The topside system houses the optical instrumentation that is used to send light signals to the sensors. A recording system demodulates the signals and creates seismic files. The full array is typically used during active seismic campaigns as well as some passive surveys for monitoring. A smaller array is used for continuous monitoring.

So far six active surveys have been conducted. They use a source mounted on a supply vessel and last 40 to 50 days. Quality control is performed both onsite and onshore. The system can be turned on and operated remotely from shore.

2-D receiver gathers

FIGURE 2. A series of consecutive 2-D receiver gathers are shown before (left) and after (right) mitigation processing for the reduced hydrophone pressure response. Weak gathers highlight sensors with a reduced response (red rectangles). After mitigation, no sign of the problem is visible.

Sensors

Several issues cropped up in early surveys. These included reduced hydrophone sensitivity and pressure leakage in some of the accelerometers. The team noted that the pressure response for some of the sensor stations varied between the prime and reshoot lines. Tests indicated that there was an impaired transfer mechanism in the hydrophone chamber. Through collaboration with the vendor, a processing mitigation solution was developed (Figure 2), resulting in data that are comparable to unaffected data.

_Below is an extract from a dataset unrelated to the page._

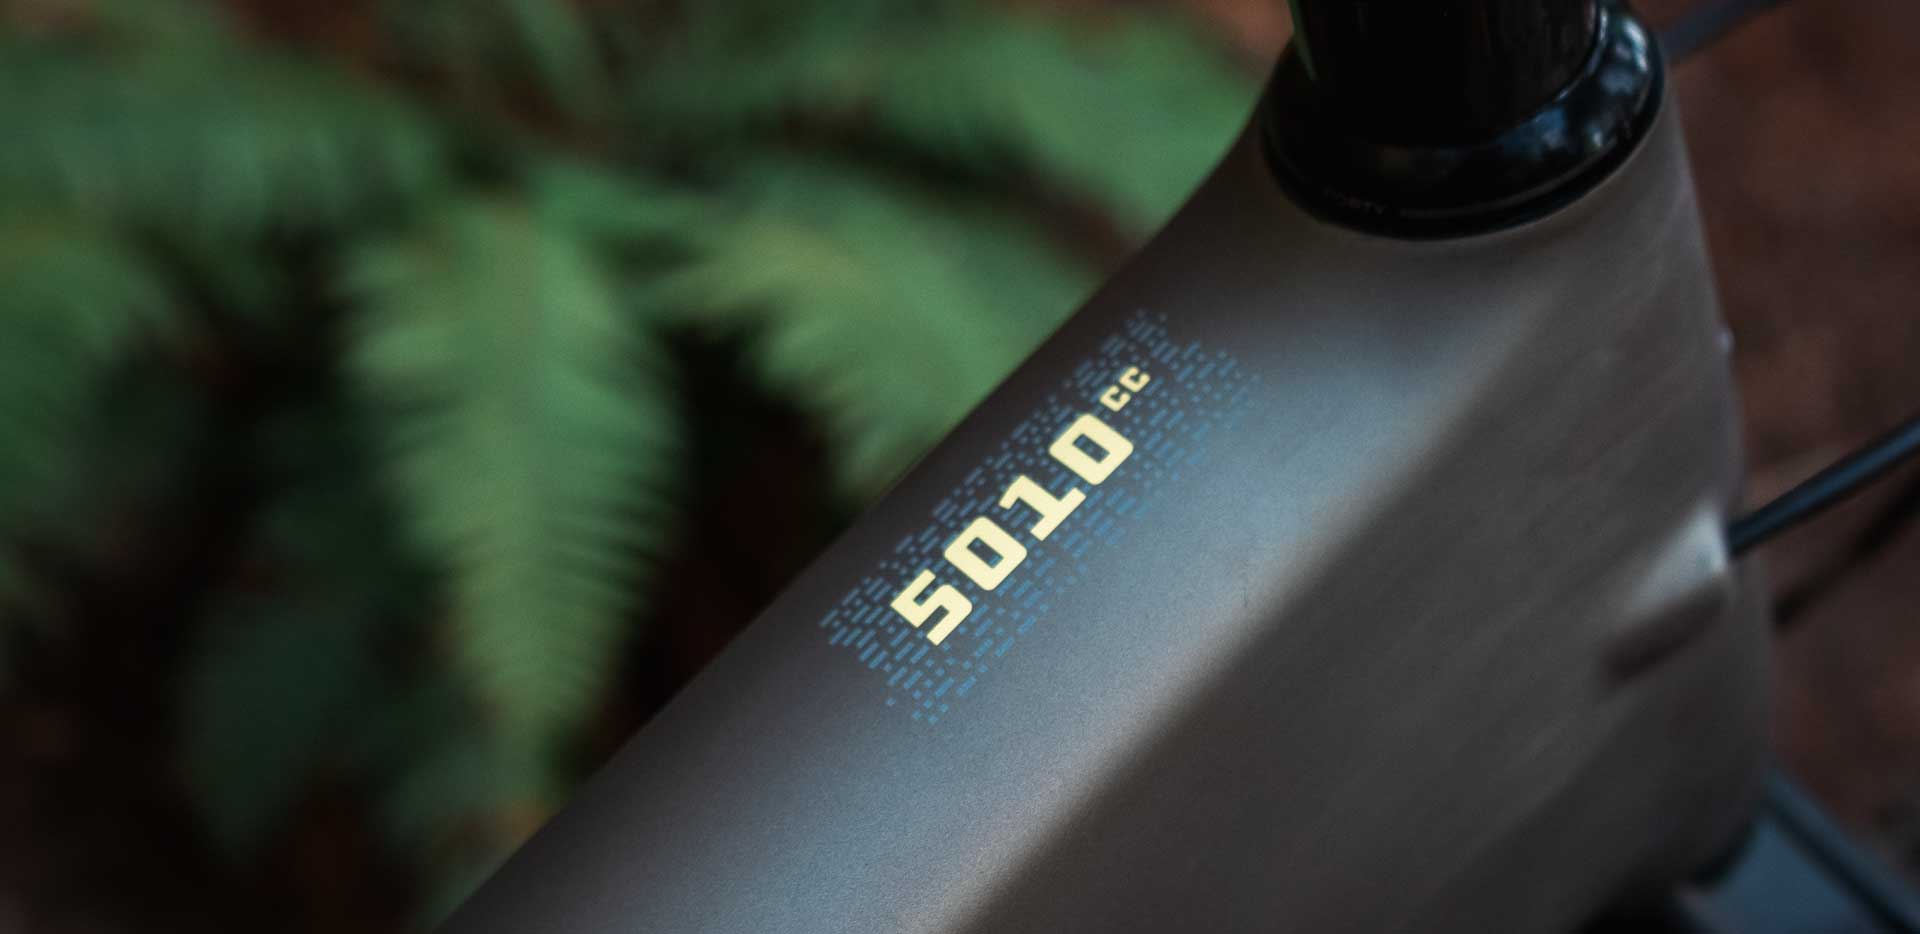 The new Santa Cruz 5010 | First Ride and Release

Once the mitigation solution was put in place, normal root mean square (NRMS, a calculation of repeatability) dropped to 4%, better than anticipated. The lowest NRMS achieved with streamer data was 12%. This has allowed much smaller 4-D effects to be detected.

A repeat processing sequence is used that is the same sequence as the baseline and first monitor surveys. Final stacks are available to the interpreters one month after the final shot is fired.

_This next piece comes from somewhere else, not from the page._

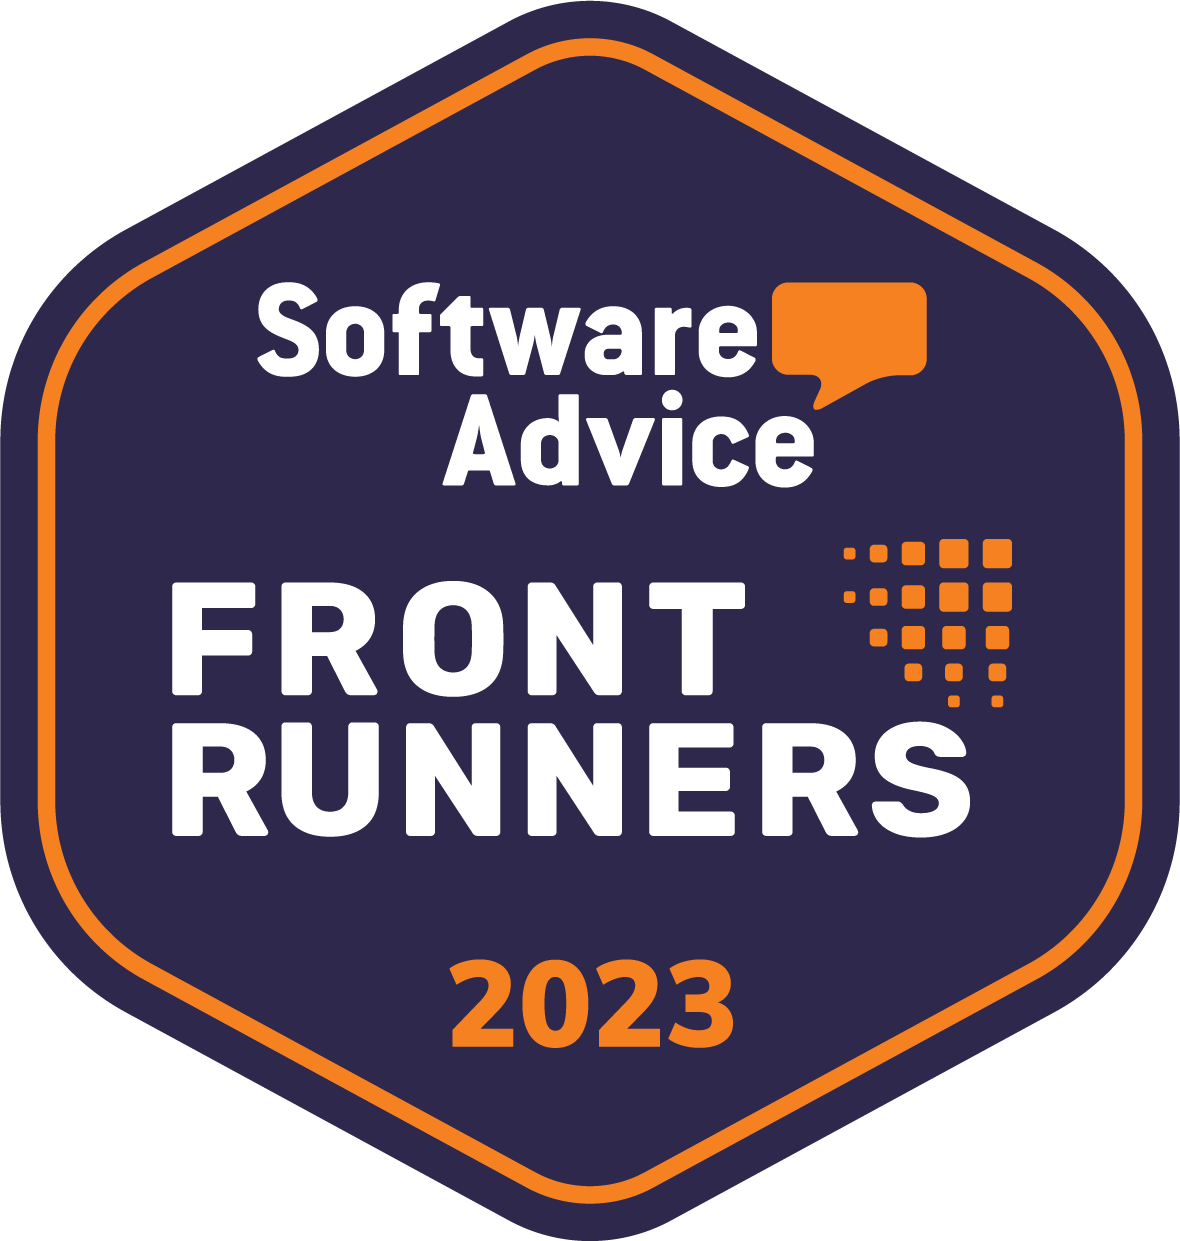 Software Advice Front Runner 2022 badge

The team also determined that its interpretation systems needed to be upgraded. It has developed a nonlinear inversion to estimate time strain and intra-reservoir time shifts. Time strain volumes between all pairs of vintage datasets can be calculated quickly once the processed cubes have been received.

The team also developed a Web-based interpretation database that allows quick access to 4-D attributes at any scale. This is enabling greater communication among the various stakeholders.

PRM surveys

FIGURE 3. The cumulated time shift on the left is the 4-D signal observed between the first and second PRM surveys after two months of injection. The middle image shows the signal between the second and third surveys, four months apart, and the right image shows the signal between the third and fourth surveys, 10 months apart.

Value of information

What is sometimes lacking from these types of studies is a sense that the information is actually making a difference in the way a field is developed. At Ekofisk, these time-lapse results are routinely used to optimize well locations and trajectories, suggest and prioritize well intervention, diagnose mechanical issues, and update the reservoir model. The data also are used to monitor and survey the impact of injection, production, compaction, and subsidence on the overburden section.

Figure 3 shows the intra-reservoir time shifts in injector well I1. Between the two surveys, a slow-down corresponding to repressurization can be seen in the yellow-red signal. The water front displacement also is visible.

The figure to the right shows no significant signal close to the injector well, indicating that the pressure had stabilized.

Deemed a success

The use of fiber-optic technology in PRM is still a relatively new phenomenon, and this study is likely to clear the path for its increasing use. Authors of the Ekofisk study noted that it was a very positive experience that produced high-quality data and enabled them to tackle the challenges posed by the field. After three years of operation, nearly all of the sensors are still live and providing useful information. The data are being used in field management, well planning, and seismic history-matching, and the success has further improved the company’s attitude toward 4-D surveys.

Acknowledgment
This information was originally presented as paper Tu-08-01 at the 2013 European Association of Geoscientists and Engineers Conference and Exhibition.